I had originally been thinking that if the transcription (in its latest state, so not necessarily the field transcription) and the translation (excluding spaces at the edges) are exactly the same, then the entries could be merged. For the other fields, if they only occur for one entry or not another, or are exactly the same for both entries, then one could use that common value. For other fields that do not match, one could combine them for the merged entry.

But would this result in ambiguous cases?

fbanados commented 2 months ago

I don't think it results in ambiguous cases. I was designing an interface for automatically listing all possible candidates, but that will be unneccessary once all the ambiguous cases are dealt with. Also I would not be surprised if that would lead the interface to take too long to load and timeout, so I think it's better to have the automatic merging done separately. In general, automatically merging can be done with a manage.py command, and we can keep the interface just for search and merge.

fbanados commented 2 months ago

Code is ready, action to decide on running django command on server to be discussed via email.

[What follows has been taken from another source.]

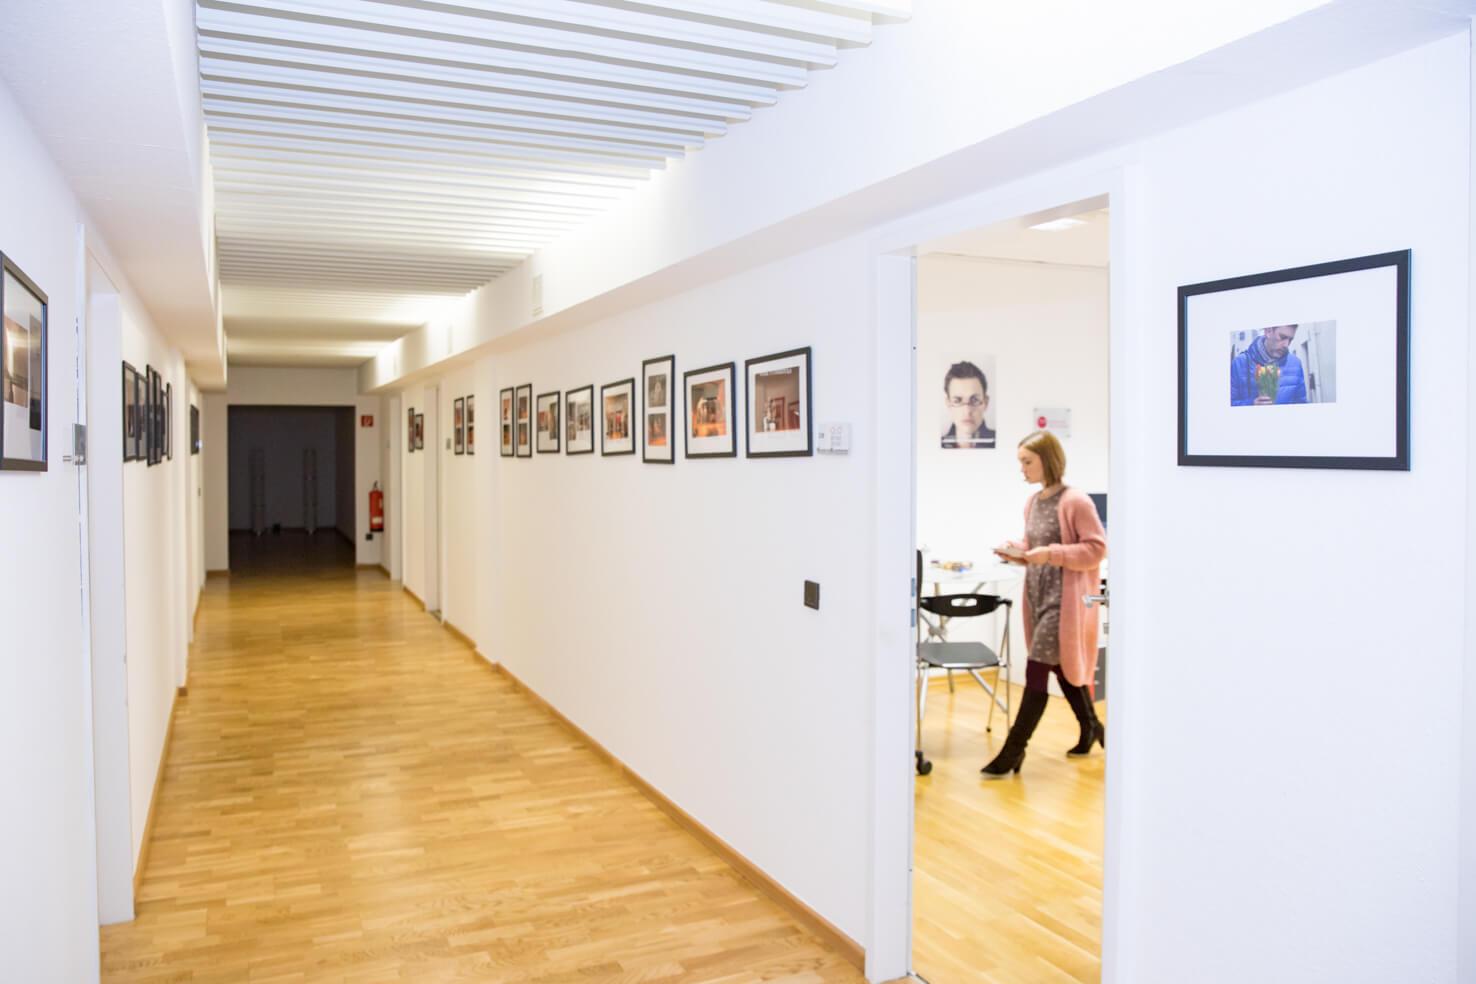 Reportage, Fotografie, BAMF, Migration, Berlin, Sozial, Soziales Projekt, Behinderung, Flüchling, Fotograf, Fotografin, Fotografie, Portrait, Porträt, Organisation, Berlin

aarppe commented 2 months ago

Adding the linguist-administrator role is needed for linguists to undertake merging of individual items. That would be useful as checking the behavior with indidivual entries, before/instead of running merging whole-sale computationally.

aarppe commented 2 weeks ago

@fbanados I don't think we need to delay this any further, as I've been able to observe that the merging of individual entries has worked properly - so we can proceed with computationally merging all the entries for which the transcriptions and translations are exactly the same.

fbanados commented 2 weeks ago

I will make a database backup before merging

fbanados commented 2 weeks ago

Entries merged.